Correlation Between Leggett Platt and CHINA HUARONG

Specify exactly 2 symbols:
Can any of the company-specific risk be diversified away by investing in both Leggett Platt and CHINA HUARONG at the same time? Although using a correlation coefficient on its own may not help to predict future stock returns, this module helps to understand the diversifiable risk of combining Leggett Platt and CHINA HUARONG into the same portfolio, which is an essential part of the fundamental portfolio management process.
By analyzing existing cross correlation between Leggett Platt Incorporated and CHINA HUARONG ENERHD 50, you can compare the effects of market volatilities on Leggett Platt and CHINA HUARONG and check how they will diversify away market risk if combined in the same portfolio for a given time horizon. You can also utilize pair trading strategies of matching a long position in Leggett Platt with a short position of CHINA HUARONG. Check out your portfolio center. Please also check ongoing floating volatility patterns of Leggett Platt and CHINA HUARONG.

Diversification Opportunities for Leggett Platt and CHINA HUARONG

-0.16
  Correlation Coefficient

Good diversification

The 3 months correlation between Leggett and CHINA is -0.16. Overlapping area represents the amount of risk that can be diversified away by holding Leggett Platt Incorporated and CHINA HUARONG ENERHD 50 in the same portfolio, assuming nothing else is changed. The correlation between historical prices or returns on CHINA HUARONG ENERHD and Leggett Platt is a relative statistical measure of the degree to which these equity instruments tend to move together. The correlation coefficient measures the extent to which returns on Leggett Platt Incorporated are associated (or correlated) with CHINA HUARONG. Values of the correlation coefficient range from -1 to +1, where. The correlation of zero (0) is possible when the price movement of CHINA HUARONG ENERHD has no effect on the direction of Leggett Platt i.e., Leggett Platt and CHINA HUARONG go up and down completely randomly.
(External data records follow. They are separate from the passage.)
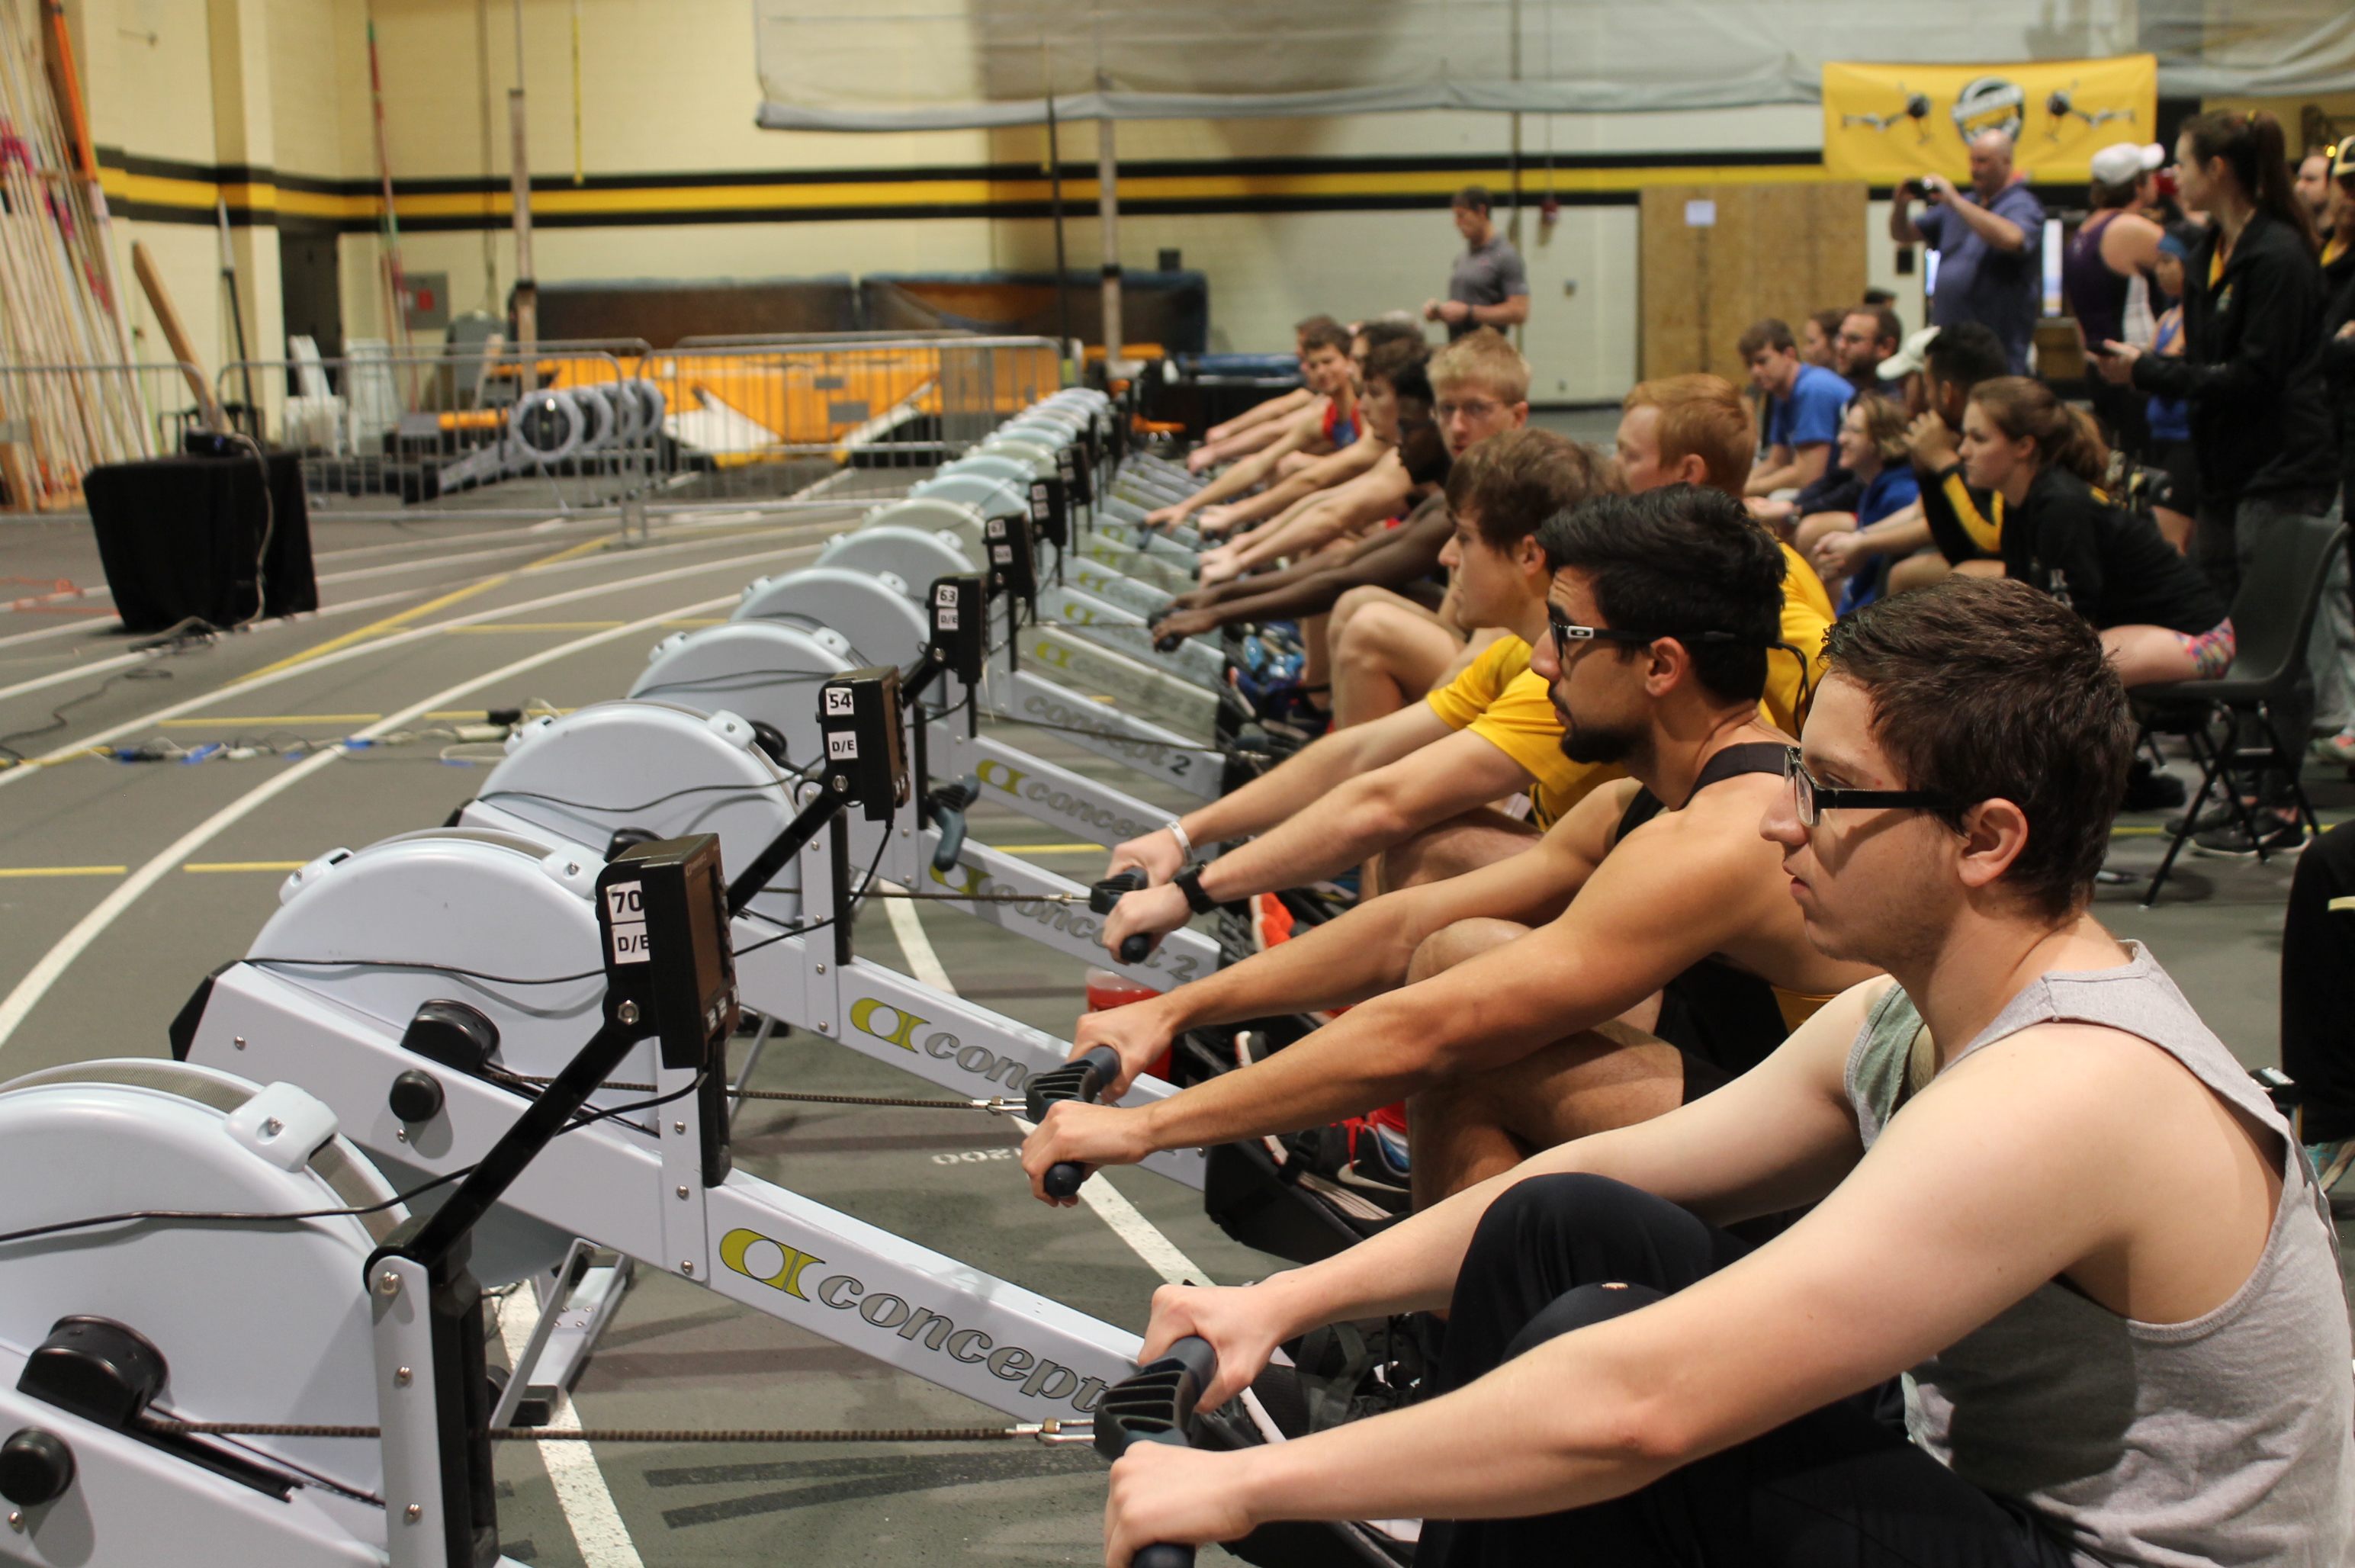 Looking down the row of ergometers at shocker sprints. its a men's event, and everyone is holding, waiting for the race to begin
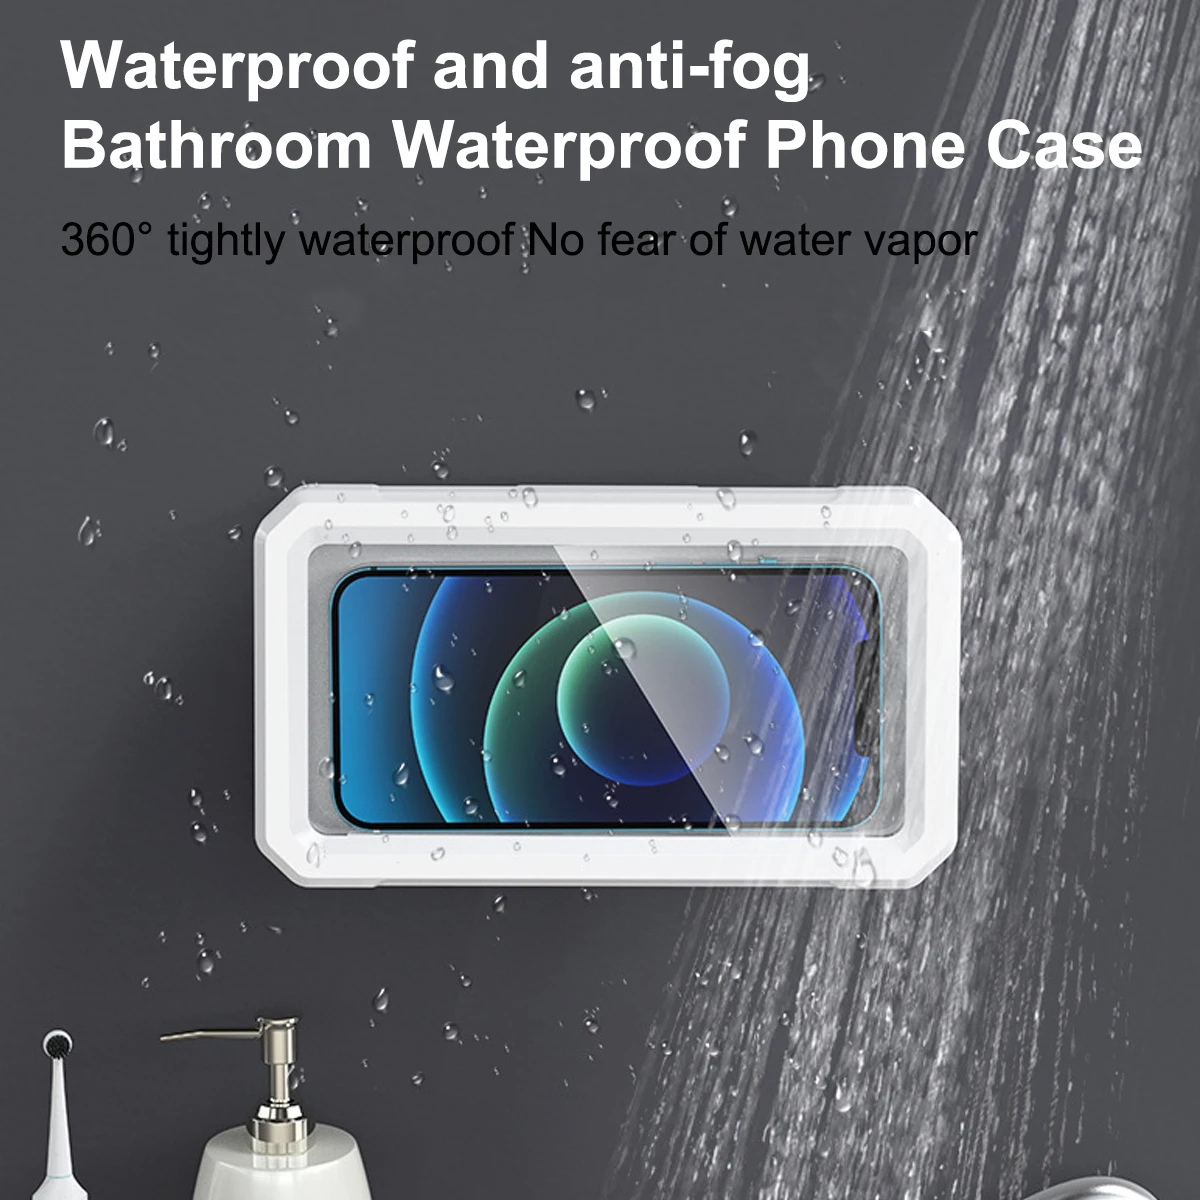 Wall Mounted Phone Holder for Bathroom Kitchen Creative Waterproof Shower  Phone Case Self-Adhesive Sealing Phone Cover with Hook - AliExpress
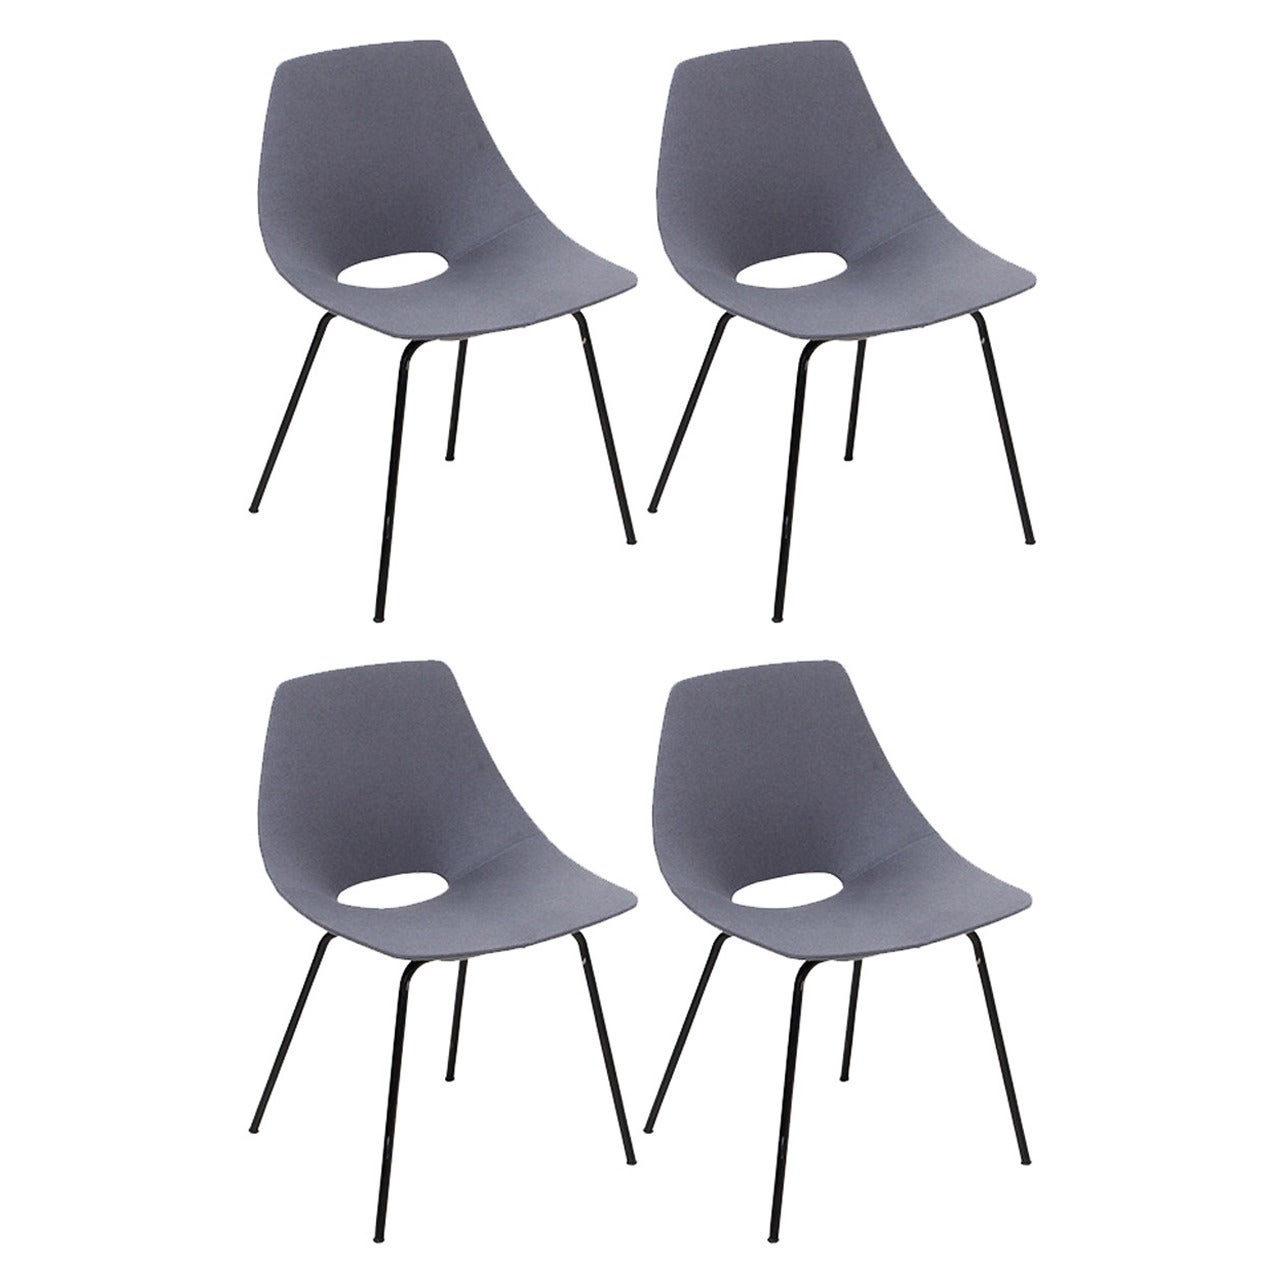 4 Grey "Tonneau" Chairs by Pierre Guariche Edited by Steiner in 1954

Pair Corralation between Leggett Platt and CHINA HUARONG

Assuming the 90 days horizon Leggett Platt Incorporated is expected to under-perform the CHINA HUARONG. But the stock apears to be less risky and, when comparing its historical volatility, Leggett Platt Incorporated is 11.52 times less risky than CHINA HUARONG. The stock trades about -0.05 of its potential returns per unit of risk. The CHINA HUARONG ENERHD 50 is currently generating about 0.13 of returns per unit of risk over similar time horizon. If you would invest  0.05  in CHINA HUARONG ENERHD 50 on September 15, 2024 and sell it today you would earn a total of  0.10  from holding CHINA HUARONG ENERHD 50 or generate 200.0% return on investment over 90 days.
Time Period3 Months [change]
DirectionMoves Against 
StrengthInsignificant
Accuracy100.0%
ValuesDaily Returns

Leggett Platt Incorporated  vs.  CHINA HUARONG ENERHD 50

 Performance 
       Timeline  
Leggett Platt 

Risk-Adjusted Performance

0 of 100

 
Weak
 
Strong
Very Weak
Over the last 90 days Leggett Platt Incorporated has generated negative risk-adjusted returns adding no value to investors with long positions. Despite nearly stable basic indicators, Leggett Platt is not utilizing all of its potentials. The current stock price disturbance, may contribute to mid-run losses for the stockholders.
CHINA HUARONG ENERHD 

Risk-Adjusted Performance

11 of 100

 
Weak
 
Strong
Good
Compared to the overall equity markets, risk-adjusted returns on investments in CHINA HUARONG ENERHD 50 are ranked lower than 11 (%) of all global equities and portfolios over the last 90 days. Despite nearly fragile basic indicators, CHINA HUARONG reported solid returns over the last few months and may actually be approaching a breakup point.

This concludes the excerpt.